The sg_map issues I am having on the RHEL kernel are likely due to the "proper" max sector size being ignored.
I am testing latest upstream now 4.5.0 with all the sg related patches to see if that's stable.

Thanks

Laurence Oberman
Principal Software Maintenance Engineer
Red Hat Global Support Services

----- Original Message -----
From: "Laurence Oberman" <loberman@xxxxxxxxxx>
To: emilne@xxxxxxxxxx
Cc: "Martin K. Petersen" <martin.petersen@xxxxxxxxxx>, "linux-scsi" <linux-scsi@xxxxxxxxxxxxxxx>, linux-rdma@xxxxxxxxxxxxxxx
Sent: Friday, April 8, 2016 9:11:19 AM
Subject: Re: Cant write to max_sectors_kb on 4.5.0  SRP target

Hi Ewan, 

OK, that makes sense.
I suspected after everybody's responses that RHEL was somehow ignoring the array imposed limit here.
I actually got lucky because I needed to be able to issue 4MB IO'S to reproduce the failures seen
at the customer on the initiator side.

Looking at the target-LIO array now its clamped to 1MB I/O sizes which makes sense.
I really was not focusing on the array at the time expecting it may chop the I/O up as many do.

Knowing what's up now I can continue to test and figure out what patches I need to pull in to SRP on RHEL to make progress.

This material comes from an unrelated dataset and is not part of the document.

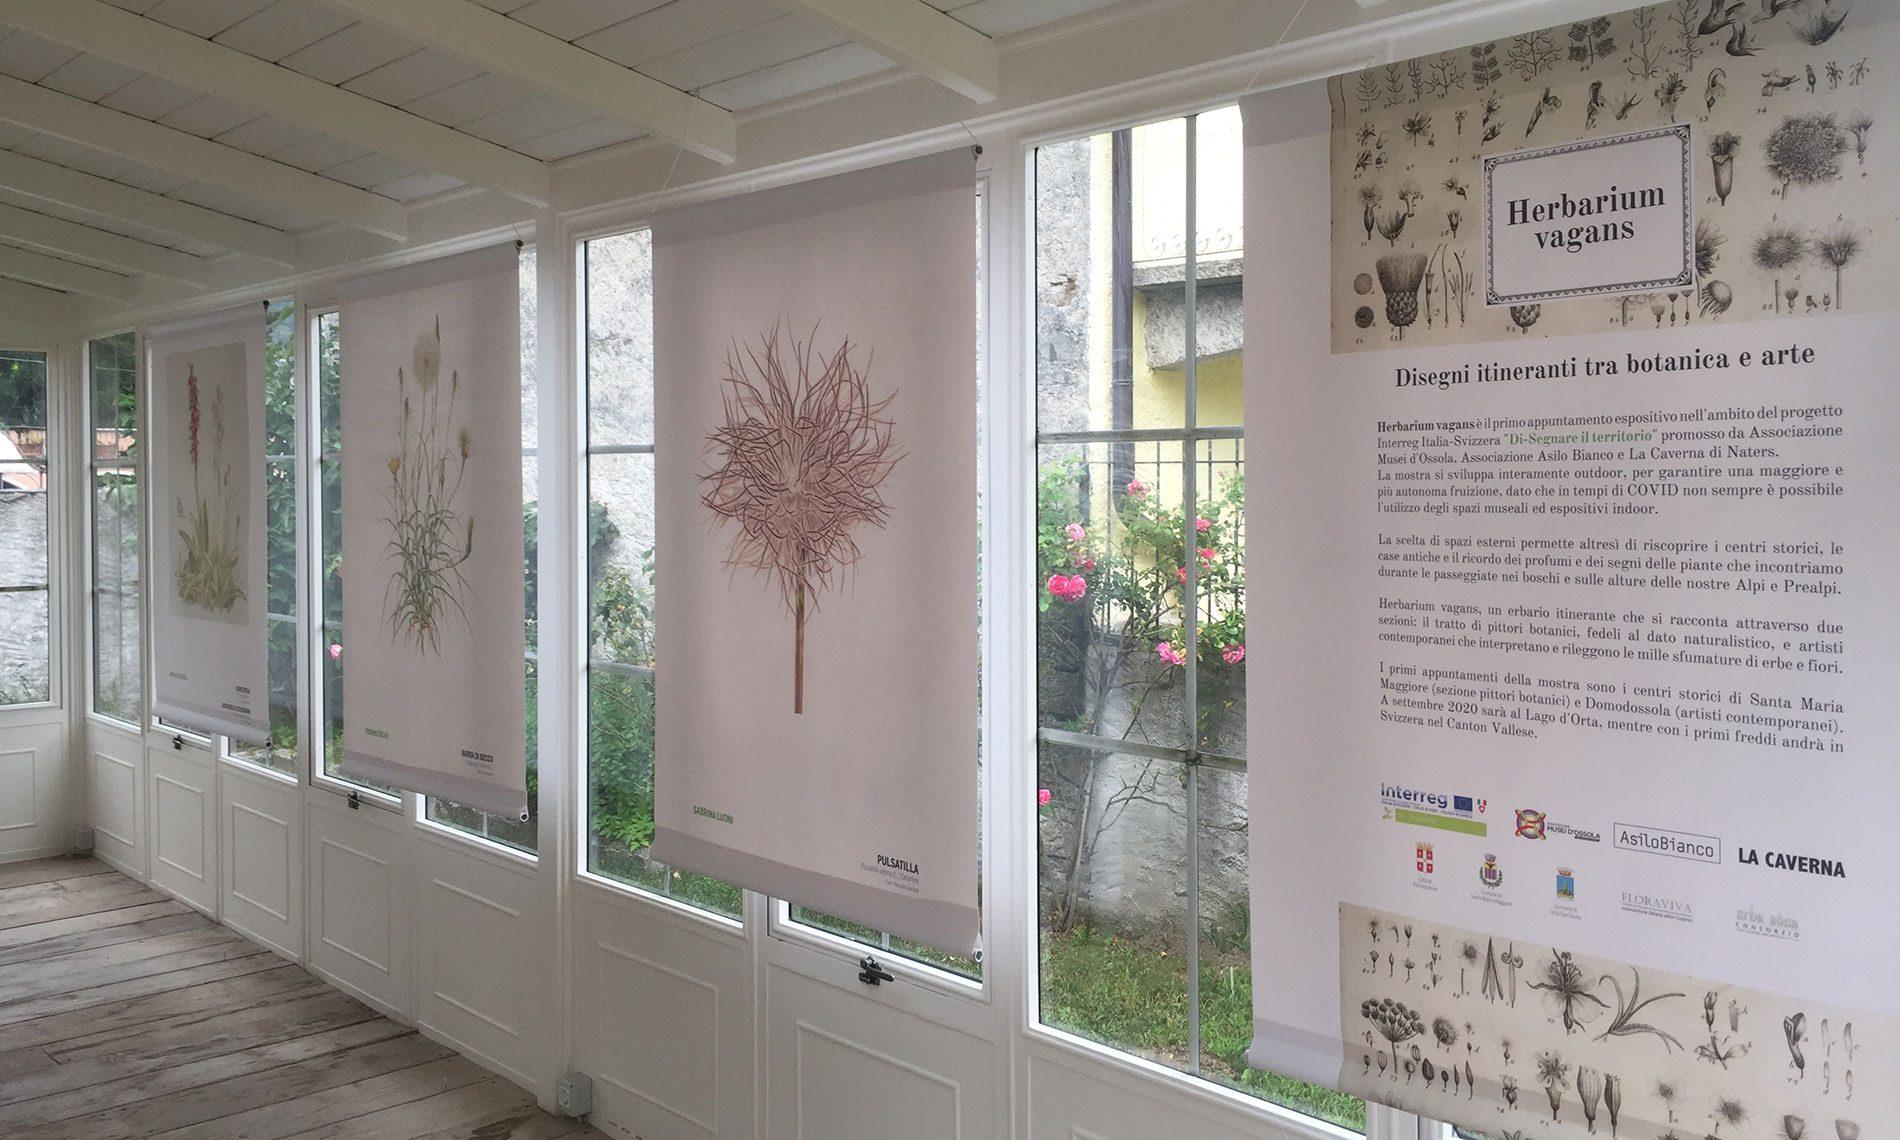 La mostra Herbarium vagans alla Casa del Profumo a Santa Maria Maggiore
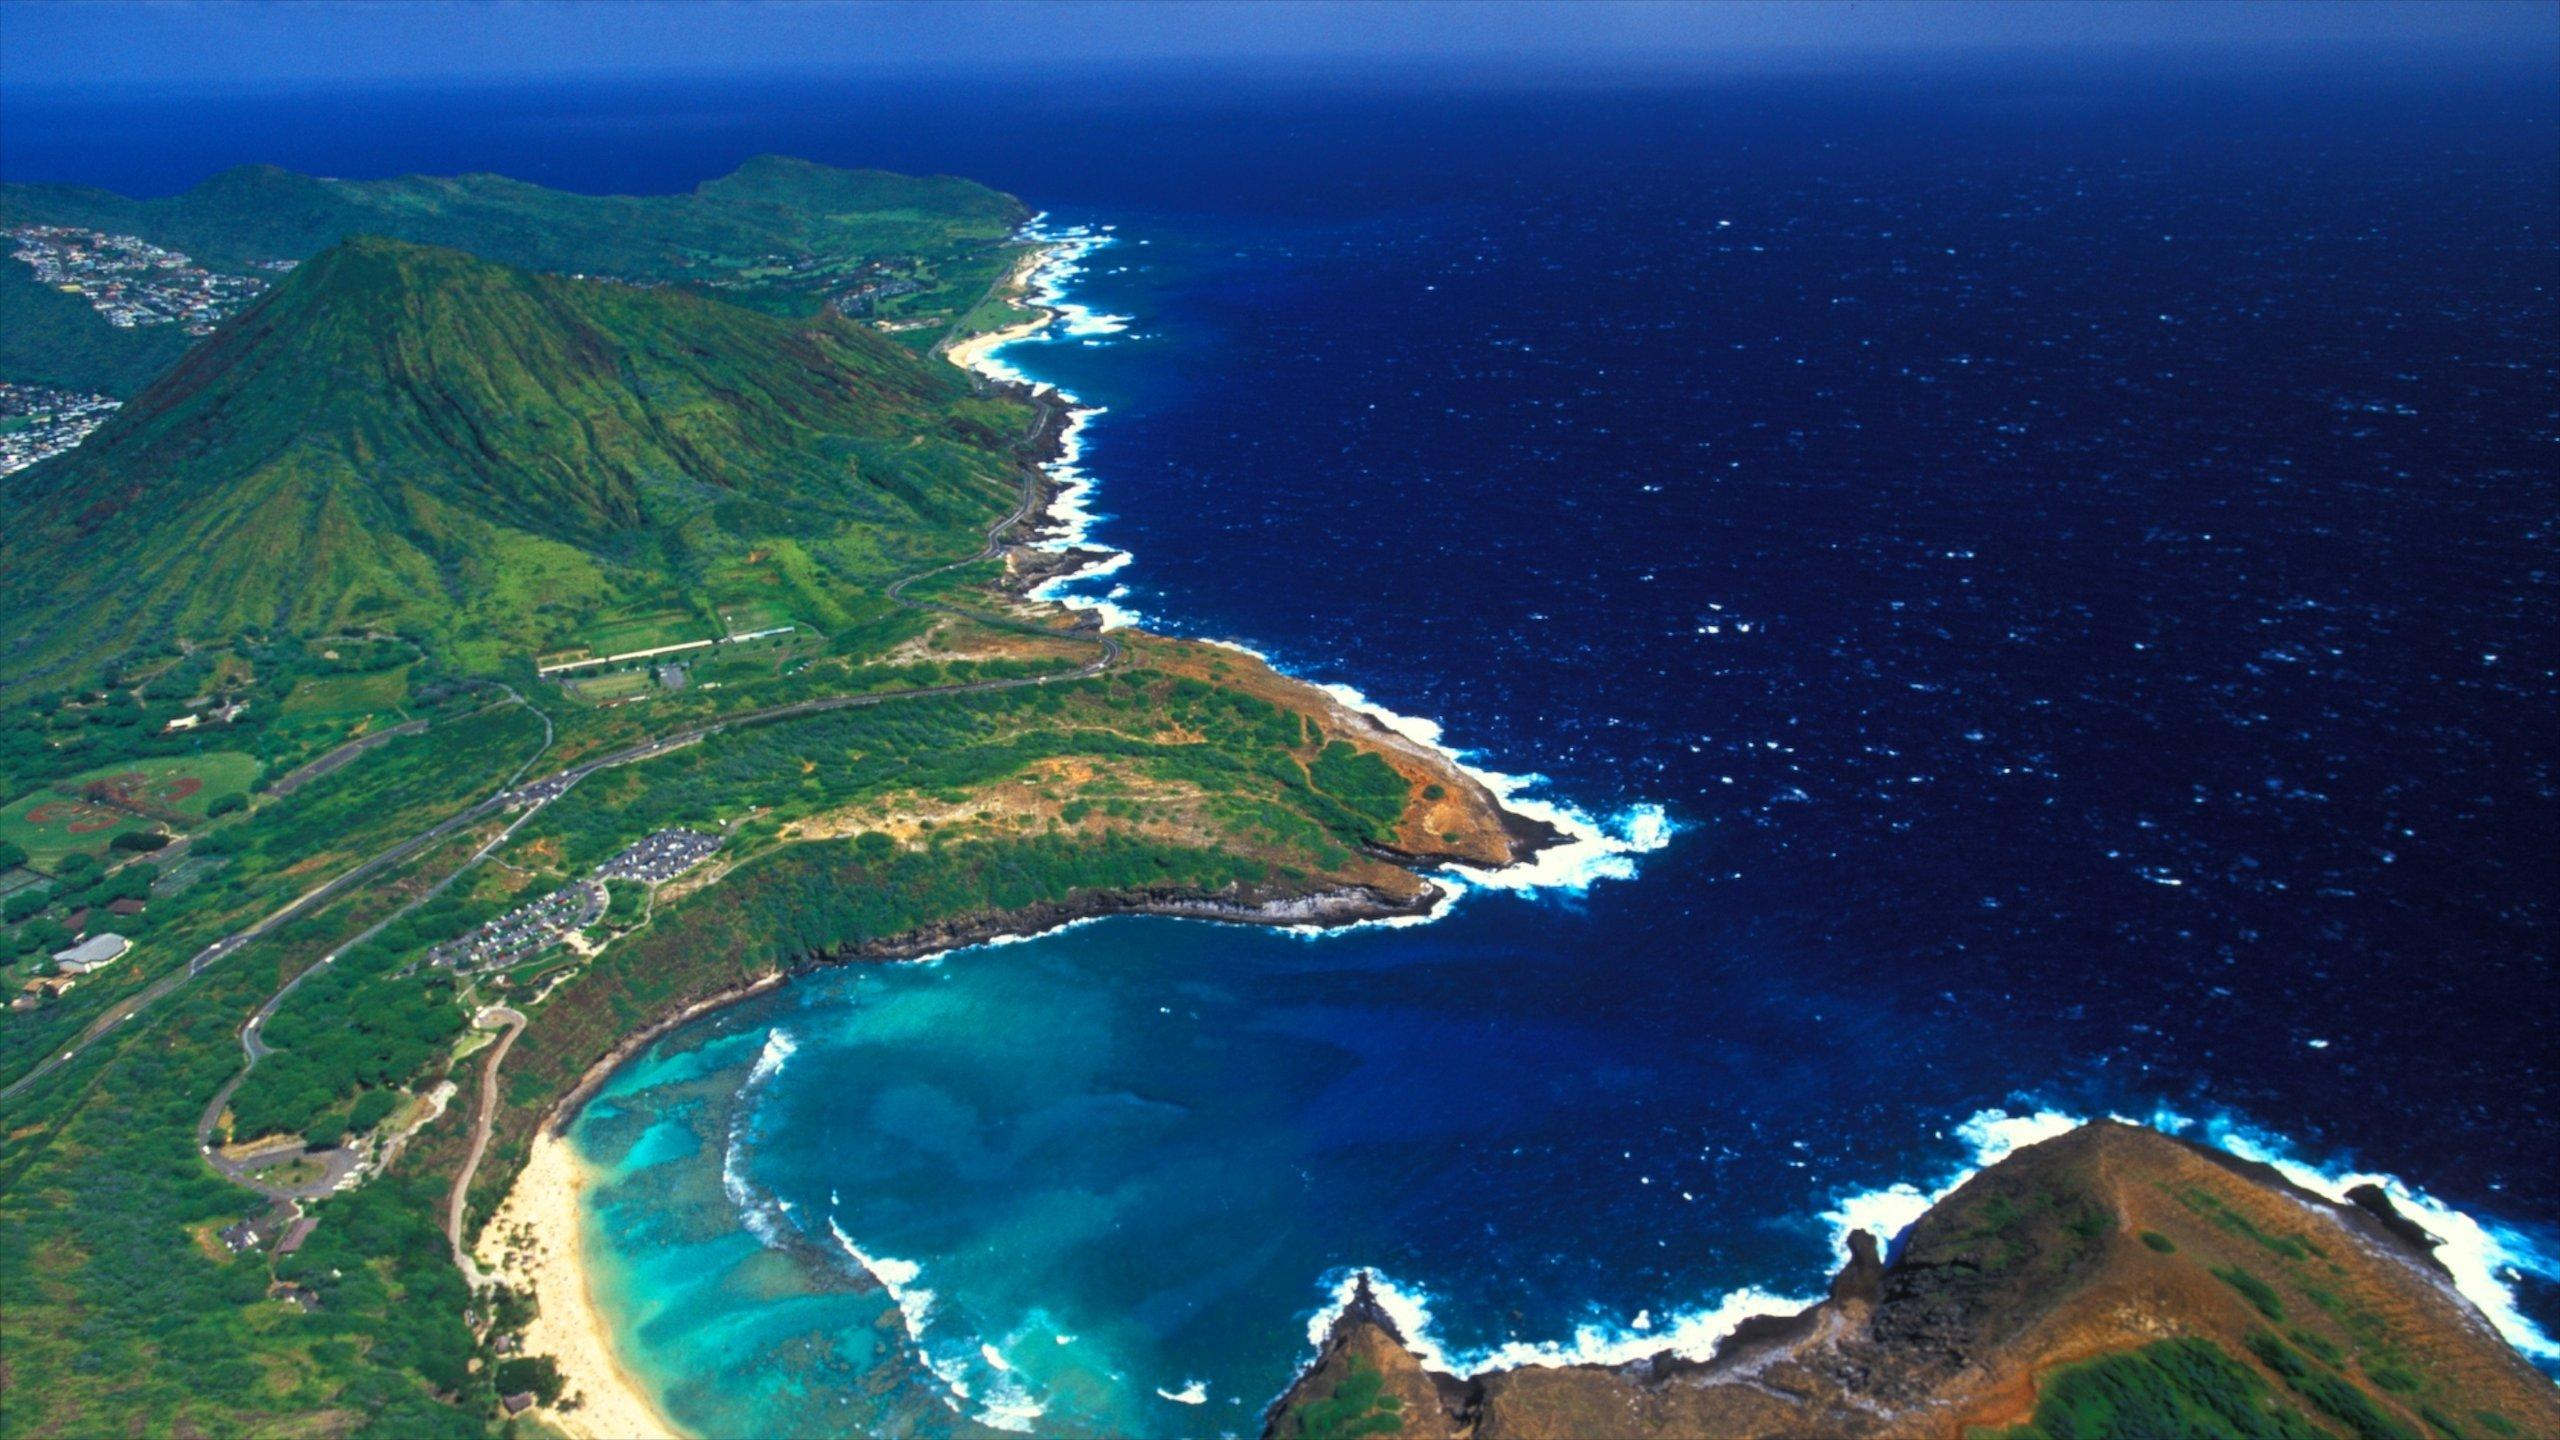 Hawaiʻi Kai, Honolulu, Hawaii, USA

Thank you to all that responded.

Laurence Oberman
Principal Software Maintenance Engineer
Red Hat Global Support Services

----- Original Message -----
From: "Ewan D. Milne" <emilne@xxxxxxxxxx>
To: "Laurence Oberman" <loberman@xxxxxxxxxx>
Cc: "Martin K. Petersen" <martin.petersen@xxxxxxxxxx>, "linux-scsi" <linux-scsi@xxxxxxxxxxxxxxx>, linux-rdma@xxxxxxxxxxxxxxx
Sent: Friday, April 8, 2016 8:39:52 AM
Subject: Re: Cant write to max_sectors_kb on 4.5.0  SRP target

The version of RHEL you are using does not have:

commit ca369d51b3e1649be4a72addd6d6a168cfb3f537
Author: Martin K. Petersen <martin.petersen@xxxxxxxxxx>
Date:   Fri Nov 13 16:46:48 2015 -0500

    block/sd: Fix device-imposed transfer length limits

(which will be added during the next update).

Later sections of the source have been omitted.